On Mon, 2008-09-01 at 00:25 +0100, Gregory Stark wrote:

> One thing that's been annoying me for a while is that our CLUSTER
> implementation is really very slow. When I say very slow I mean it's really
> very very very slow.

Does this implementation work towards being able to do CREATE INDEX ... CLUSTER TABLE
So that we can do both actions with just one sort of the data?
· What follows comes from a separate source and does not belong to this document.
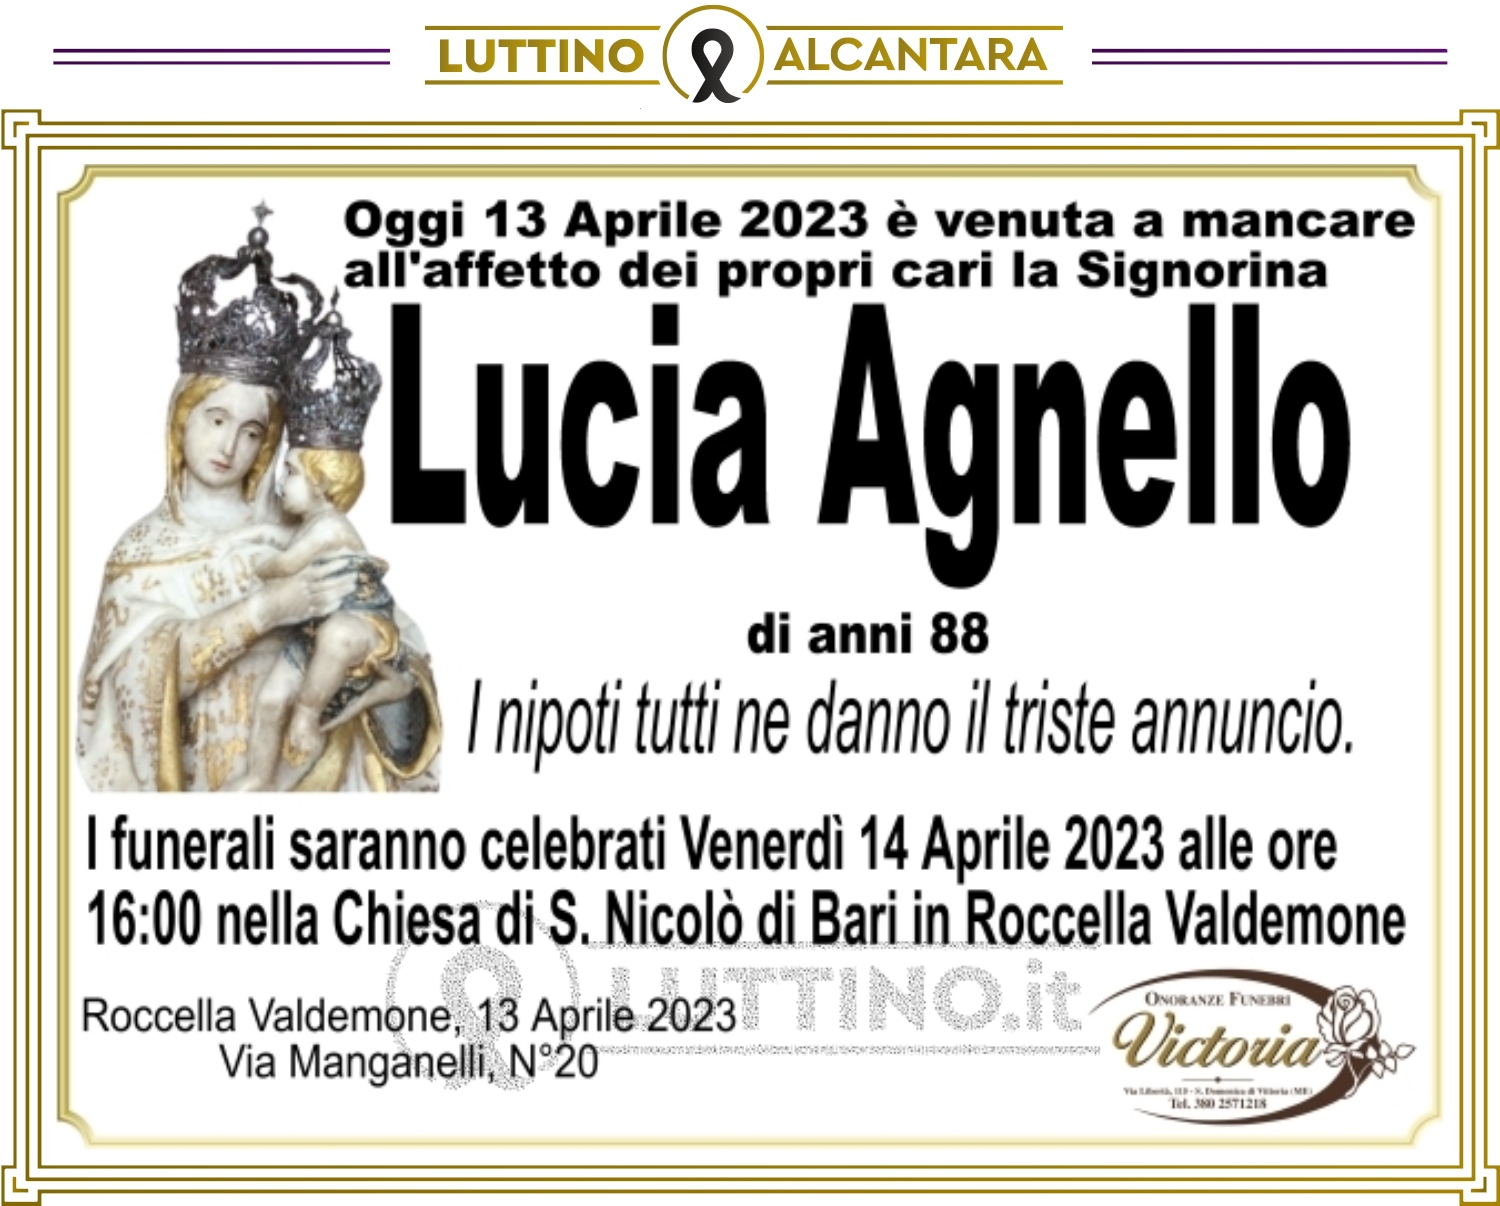 Lucia Agnello

I think there needs to be an option to force this to do either sorts or
indexscans. On a large table you may not have the space to perform a
full table sort, plus on a multi-column index we may not accurately
predict the cost of an indexscan.

(What is the change to elog.c about?)

-- Simon Riggs           www.2ndQuadrant.comPostgreSQL Training, Services and Support

Re: Our CLUSTER implementation is pessimal

From

Heikki Linnakangas

Date:

08 September 2008, 07:52:41

Simon Riggs wrote:
> I think there needs to be an option to force this to do either sorts or
> indexscans. 

If we use the planner, "set enable_indexscan =off" or "set 
enable_sort=off" ought to work.

--   Heikki Linnakangas  EnterpriseDB   http://www.enterprisedb.com

Re: Our CLUSTER implementation is pessimal

From

Simon Riggs

Date:

08 September 2008, 08:12:19

On Mon, 2008-09-08 at 13:52 +0300, Heikki Linnakangas wrote:
> Simon Riggs wrote:
> > I think there needs to be an option to force this to do either sorts or
> > indexscans. 
> 
> If we use the planner, "set enable_indexscan =off" or "set 
> enable_sort=off" ought to work.

Agreed - as long as that is explicitly in the docs.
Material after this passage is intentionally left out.